Instructions to follow -> Each line in the material below, starting at the one that contains "LUSTUCRU Torsettes aux" and ending at the one that contains "Bao Wiwu Genuine", should be repeated exactly; the pictures should not.

Data section ->
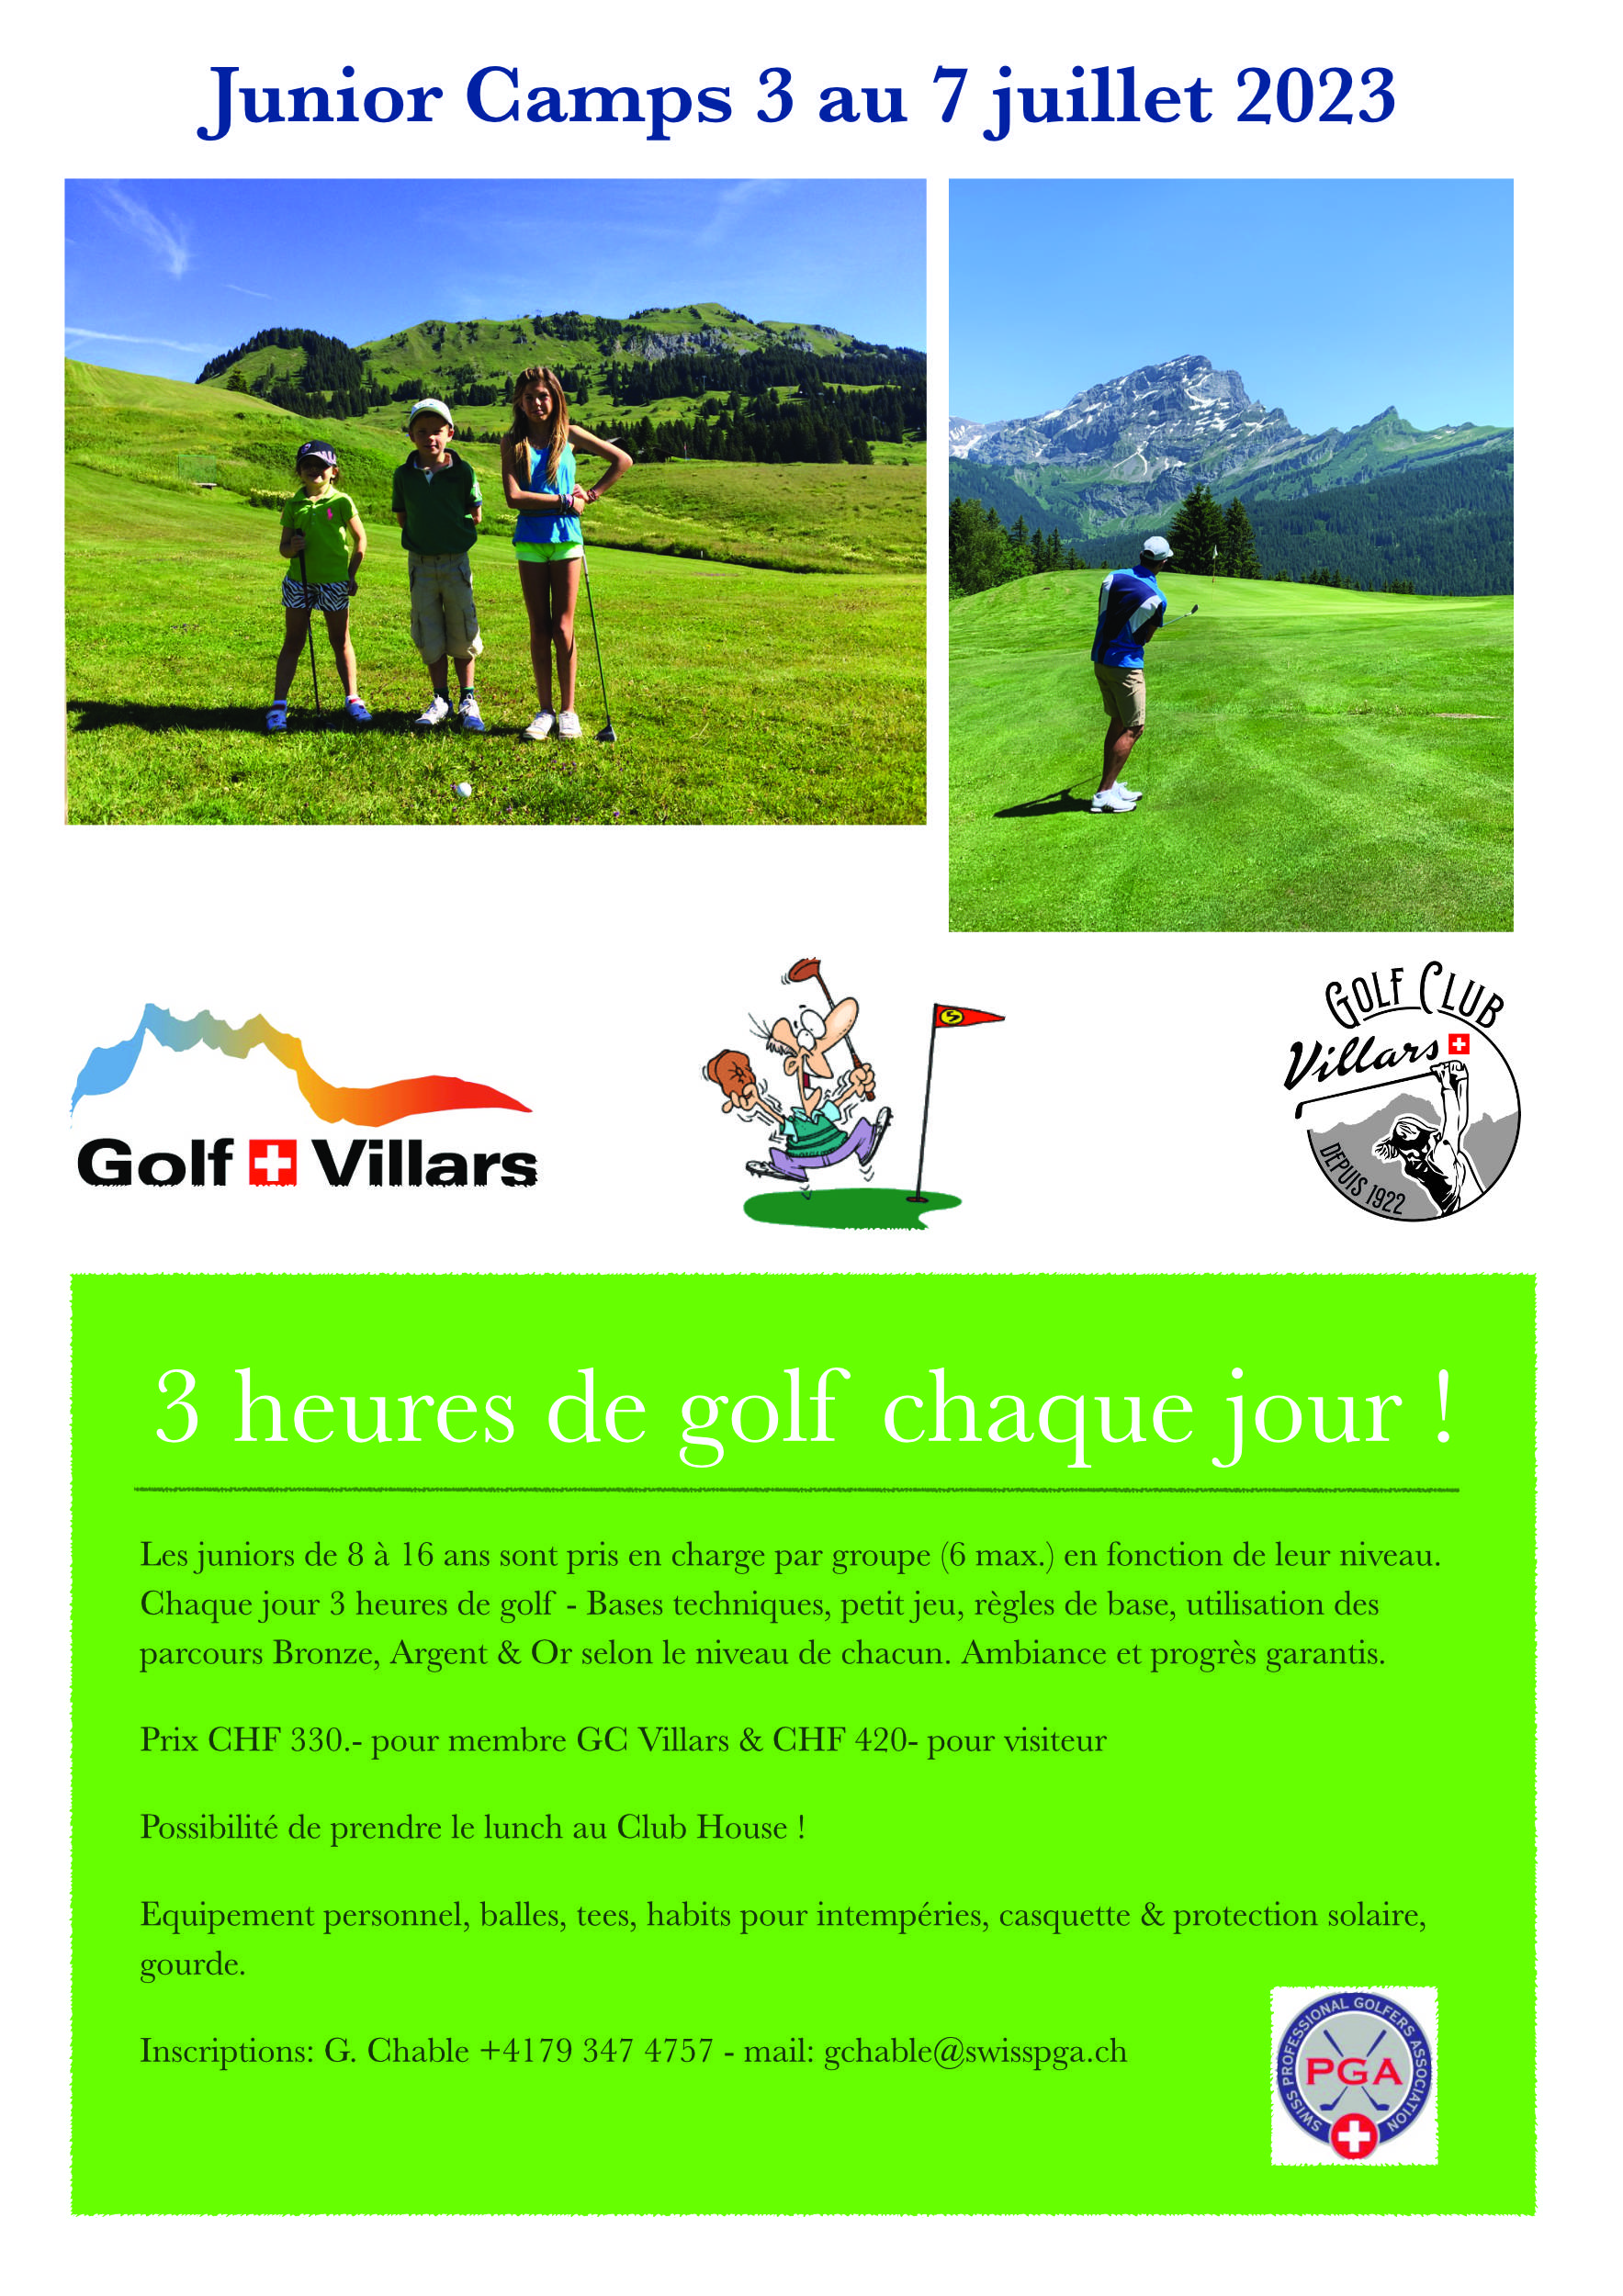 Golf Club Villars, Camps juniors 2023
...
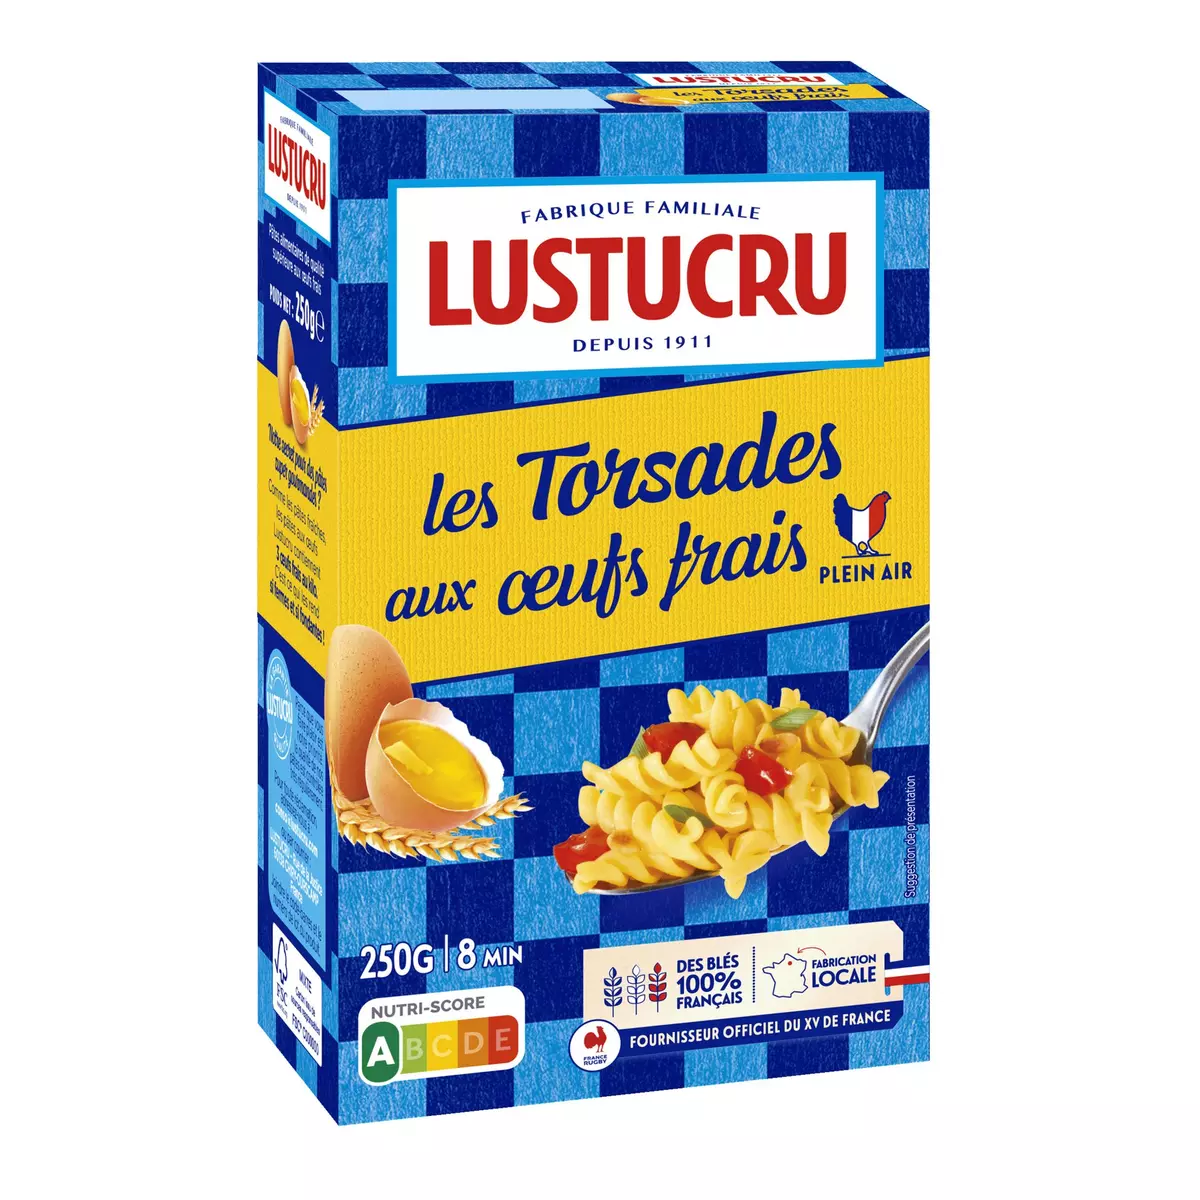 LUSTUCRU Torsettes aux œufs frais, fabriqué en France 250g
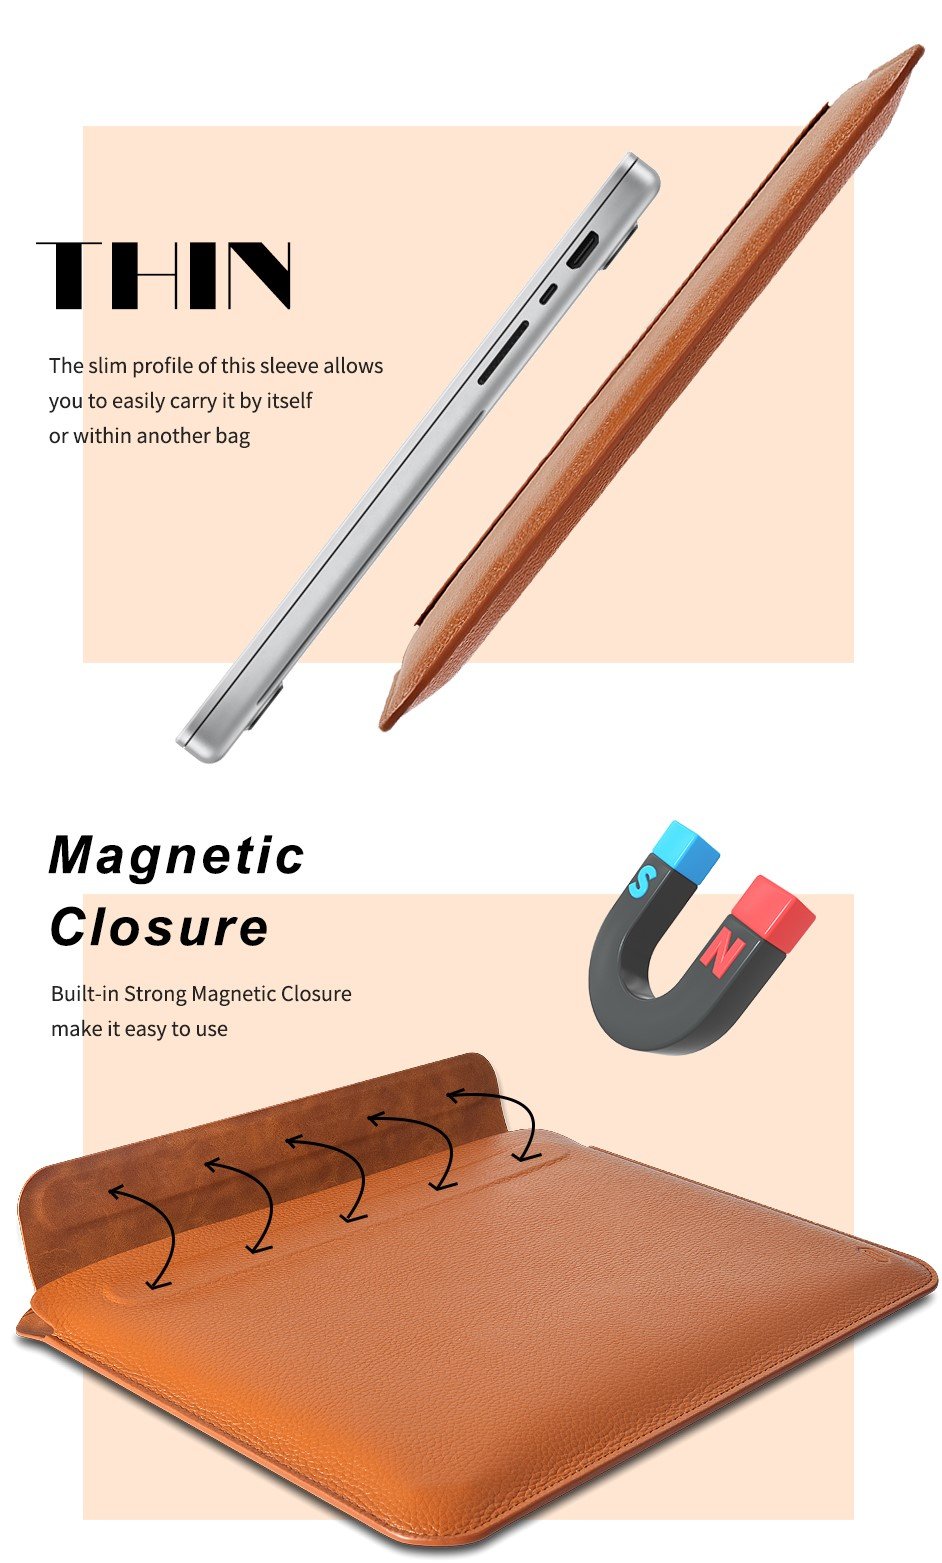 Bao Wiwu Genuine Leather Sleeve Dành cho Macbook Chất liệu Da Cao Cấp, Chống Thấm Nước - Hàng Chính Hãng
...
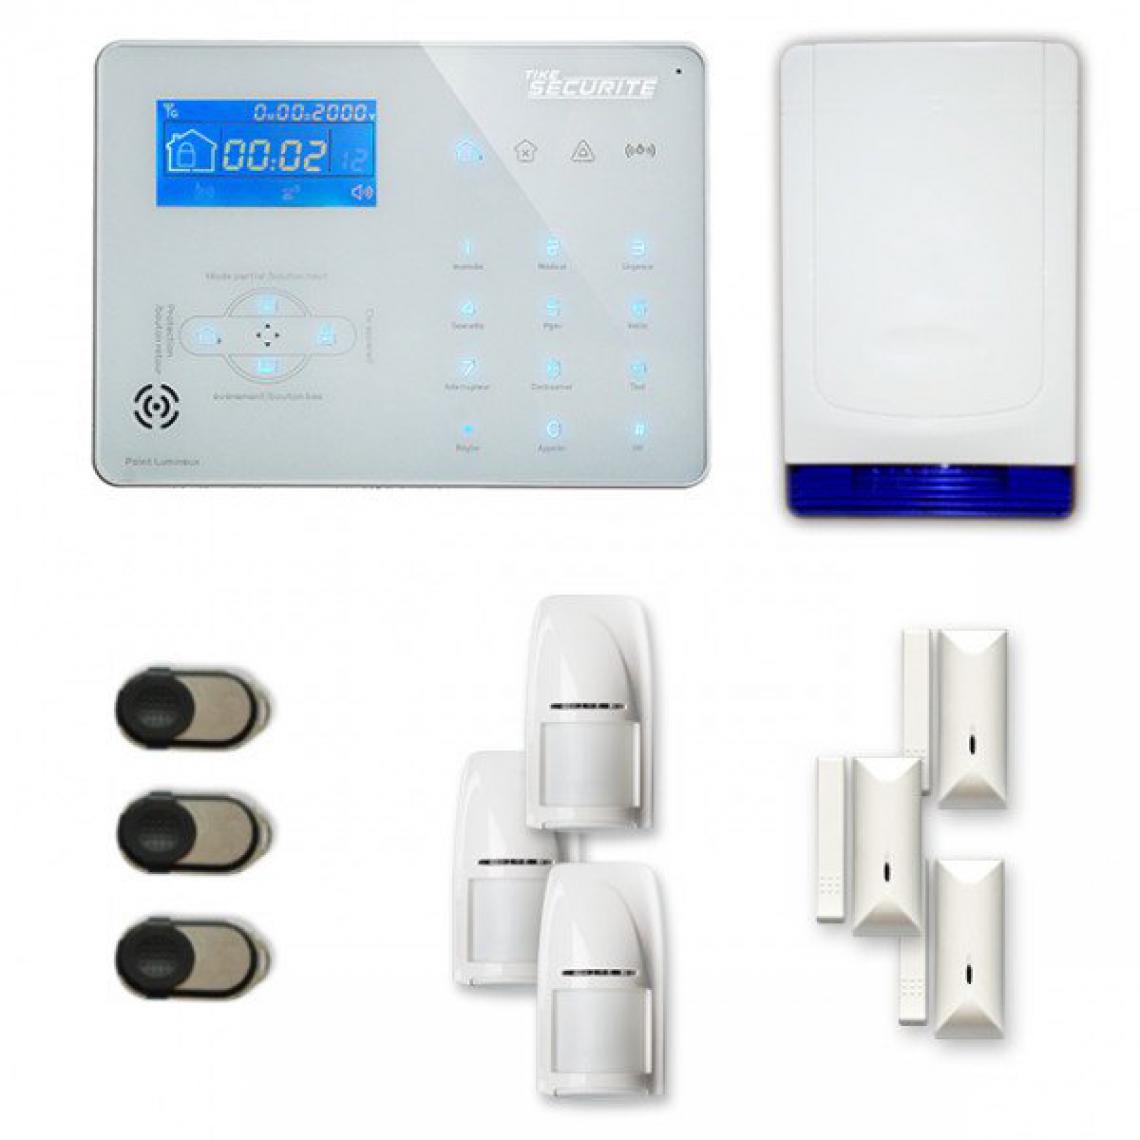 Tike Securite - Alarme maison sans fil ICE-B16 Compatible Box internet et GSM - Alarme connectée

Problem solution ->
 LUSTUCRU Torsettes aux œufs frais, fabriqué en France 250g
 Bao Wiwu Genuine Leather Sleeve Dành cho Macbook Chất liệu Da Cao Cấp, Chống Thấm Nước - Hàng Chính Hãng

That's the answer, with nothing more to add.